The Very Cranky Bear
- Author: Nick Bland
- Illustrator: Nick Bland
- Language: English
- Genre: Children's novel
- Published: 2008 (Scholastic Australia)
- Publication place: Australia
- Media type: Print (hardback)
- Pages: 24 (unpaginated)
- ISBN: 9781741691344
- OCLC: 233284293

= The Very Cranky Bear =

Children's picture book by Australian author Nick Bland

The Very Cranky Bear is a 2008 children's picture book by Nick Bland.

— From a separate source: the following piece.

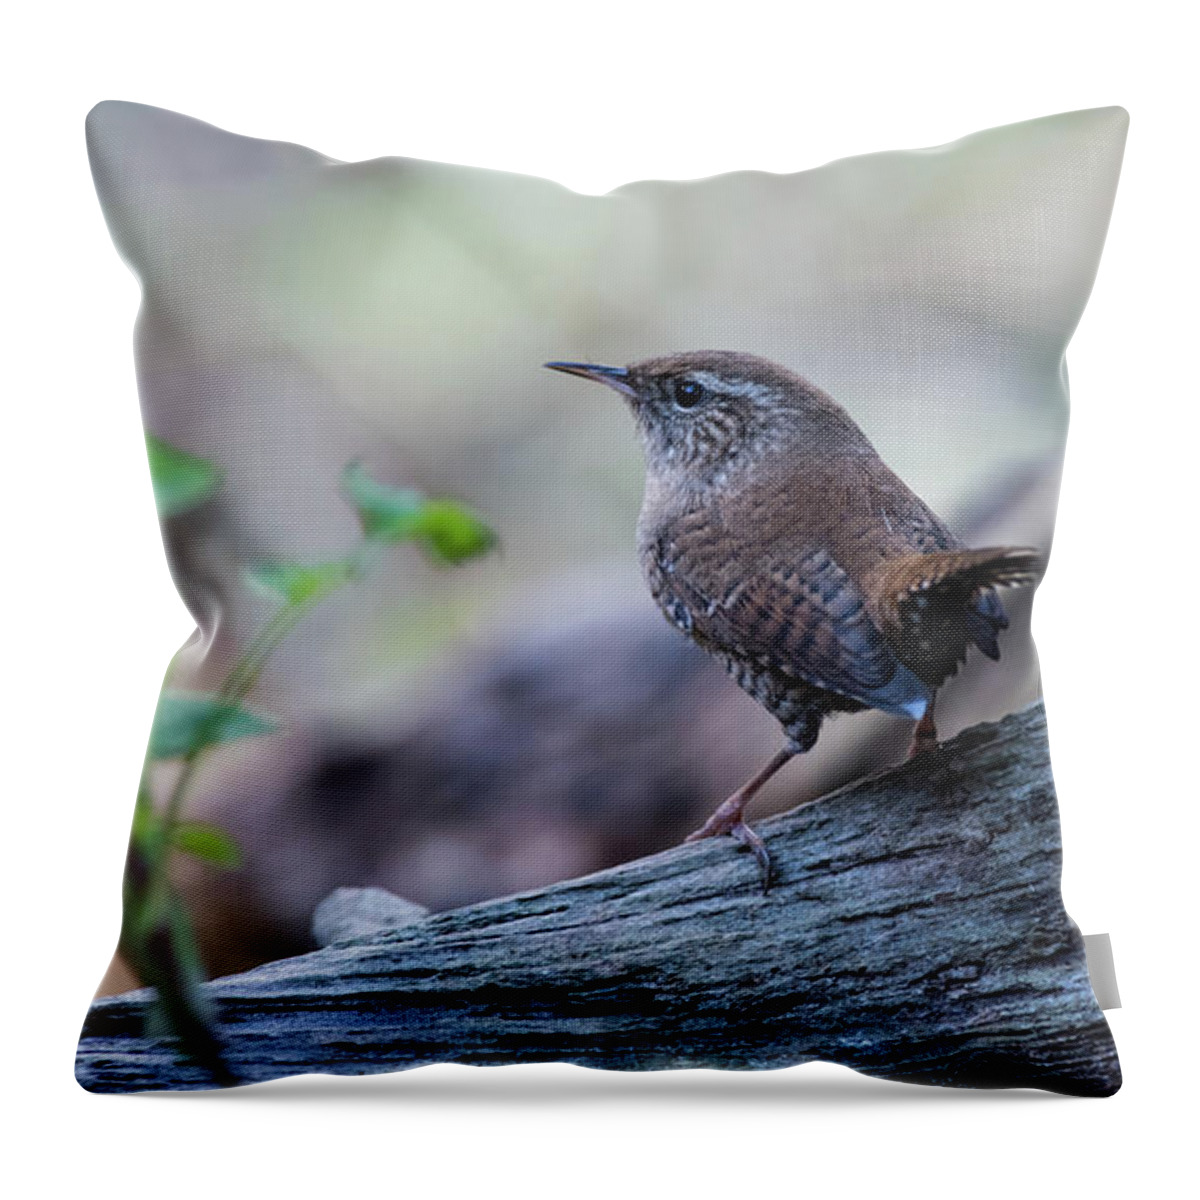 Wren Throw Pillow featuring the photograph Wren by Torbjorn Swenelius

It is about four animal friends, Moose, Lion, Zebra, and Sheep, who enter a cave to get out of a rainstorm and disturb a bear.

==Publication history==
- 2008, Australia, Scholastic Australia, ISBN 9781741691344
- 2009, United Kingdom, Hodder Childrens, ISBN 9780340989432
- 2011, Canada, Scholastic, ISBN 9781443107853
- 2014, USA, Orchard Books, ISBN 9780545612692
- 2020, Italy, as "Orso che broncio!", Caissa Italia, ISBN 9788867290963

==Reception==
A review in Publishers Weekly of The Very Cranky Bear wrote "Using a singsong rhyme scheme and a comically bumbling animal cast, Bland (The Runaway Hug) playfully introduces the concepts of consideration and respect in a story first published in Australia in 2008", and Kirkus Reviews called it "Good, not-so-cranky fun."

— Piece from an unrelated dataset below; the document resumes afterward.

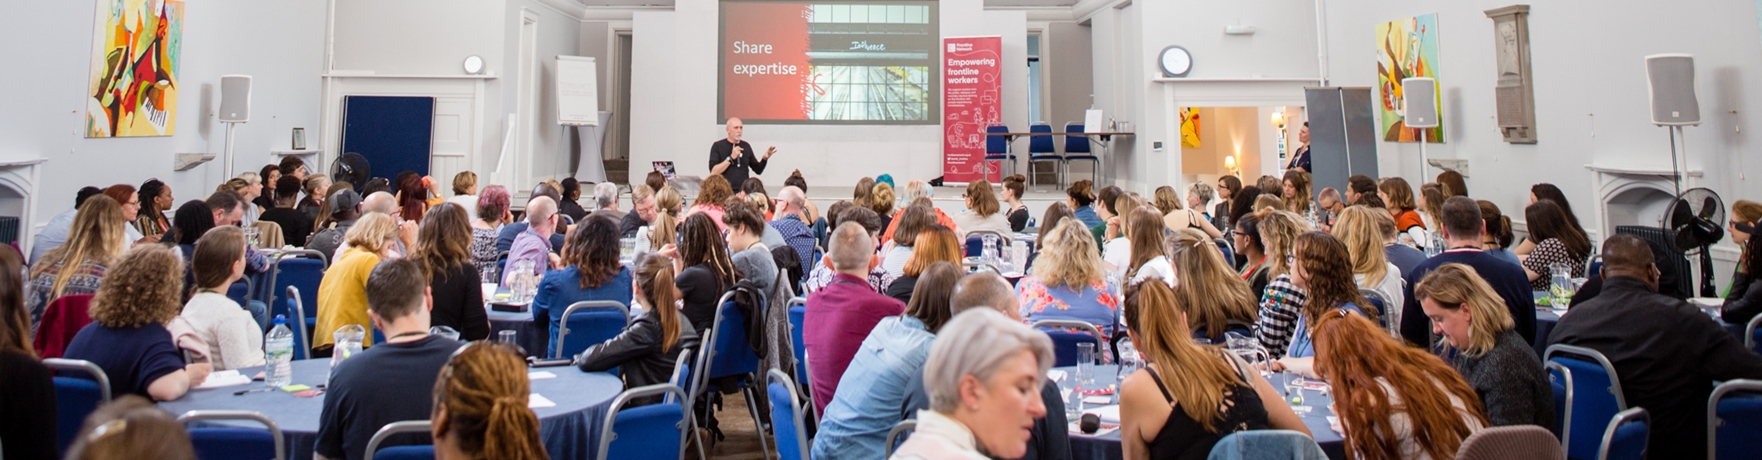 2021 Frontline Network Annual Conference

The Very Cranky Bear has also been reviewed by CM: Canadian Review of Materials, Booklist, School Library Journal, The Horn Book, and Library Media Connection.

It was the 2012 National Simultaneous Storytime book.

==Adaptations==
Cranky Bear, a theatrical adaption of The Very Cranky Bear, has been made by Patch Theatre.